In a previous study, PAH with Arg241Cys substitution was shown to have 28% residual activity in the COS cell expression system (Kim et al., 2006). In addition, Korean PKU patients with p.Arg241Cys showed BH4 responsiveness (Lee et al., 2004). Arg241 is located near the cofactor binding region but does not interact directly with the cofactor, so the p.Arg241Cys mutation may lead to relatively mild structural deformities. The patient with p.Ala202Thr/p.Arg243Gln showed BH4 responsiveness. Even though p.Arg243Gln was associated with classical PKU in a previous study, this patient showed variant PKU, which suggests that p.Ala202Thr has sufficient residual enzyme activity to ensure responsiveness. Although there was only one p.Ile65Thr homozygote in the present study, this patient showed MHP and BH4 responsiveness, which suggests that p.Ile65Thr is associated with near-normal levels of enzymatic activity and BH4 responsiveness. Of the 27 different mutations described herein, the p.Ile65Thr and p.Ala202Thr mutations were responsive to BH4. These defects are located at opposite sides of the BH4-binding pocket. Specifically, the composite structural model of the PAH tetramer reveals that these mutations are in close proximity to the dimer interface and occur along the interface region of the regulatory domain. This observation suggests that, upon mutation of p.Ile65Thr, p.Ala202Thr, and p.Arg241Cys, dimer stability is reduced. The increased BH4 levels rescue dimer stability and, consequently, enzyme activity recovers to the normal level.

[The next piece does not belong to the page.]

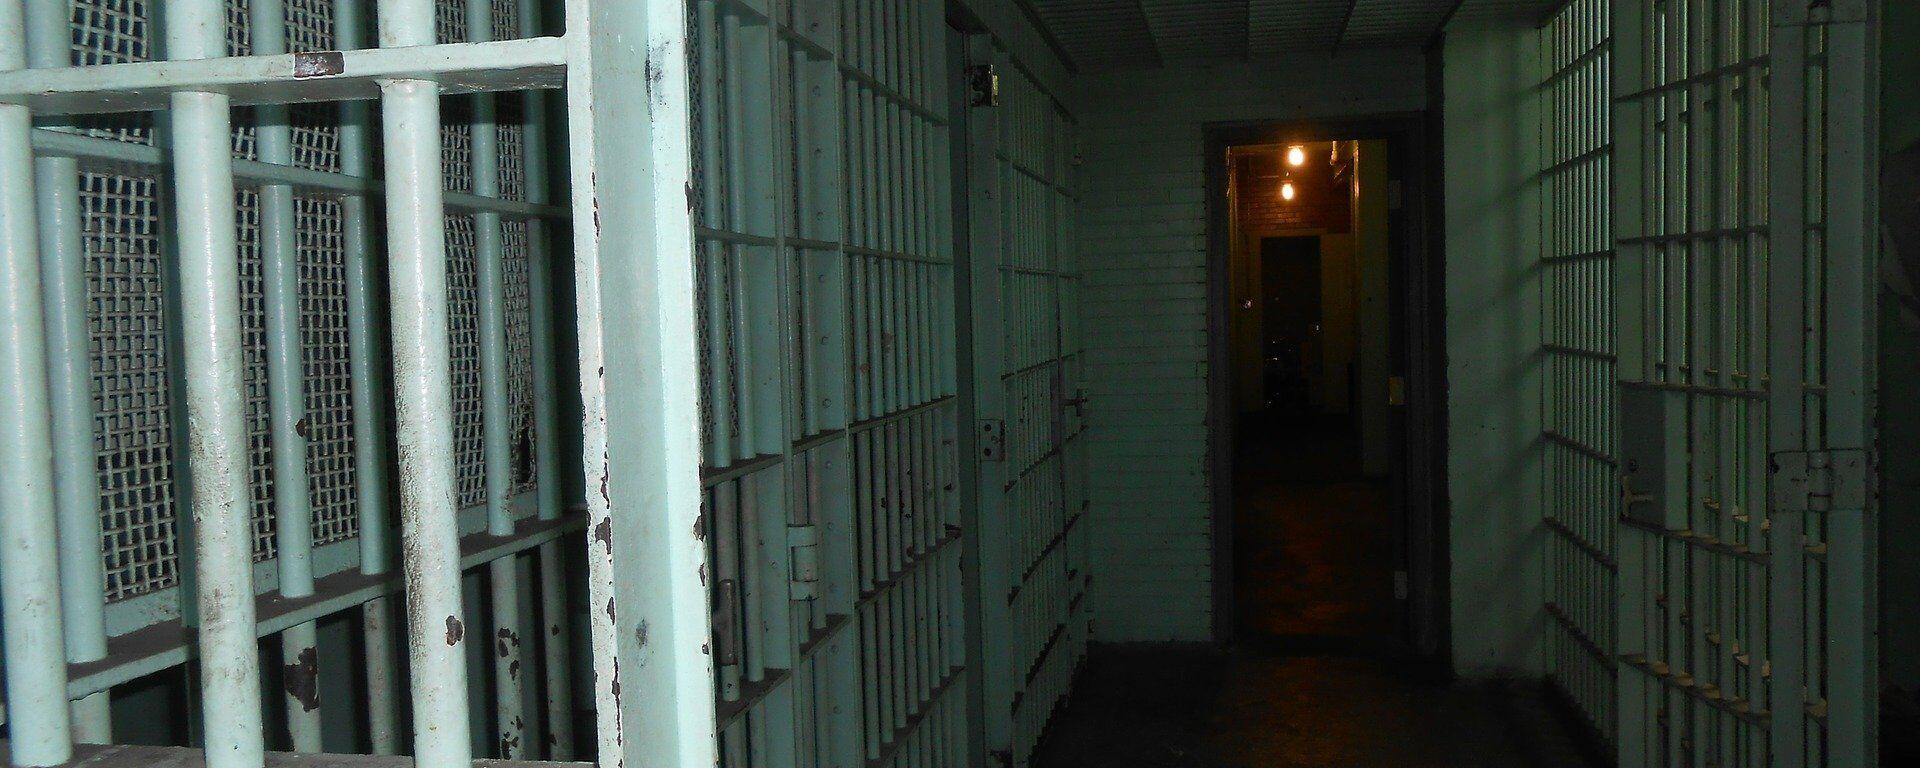 El pasillo de una cárcel (imagen referencial) - Sputnik Mundo, 1920, 21.05.2021

In conclusion, exon deletions or duplication may be more frequent causes of PKU in Korean patients than in other ethnic groups. Therefore, a gene dosage analysis should be considered as a complementary diagnostic tool for Korean PKU patients without point mutations in one or two chromosomes, and the long-range PCR method developed in the present study may be useful for screening Koreans for deletions of exons 5 and 6.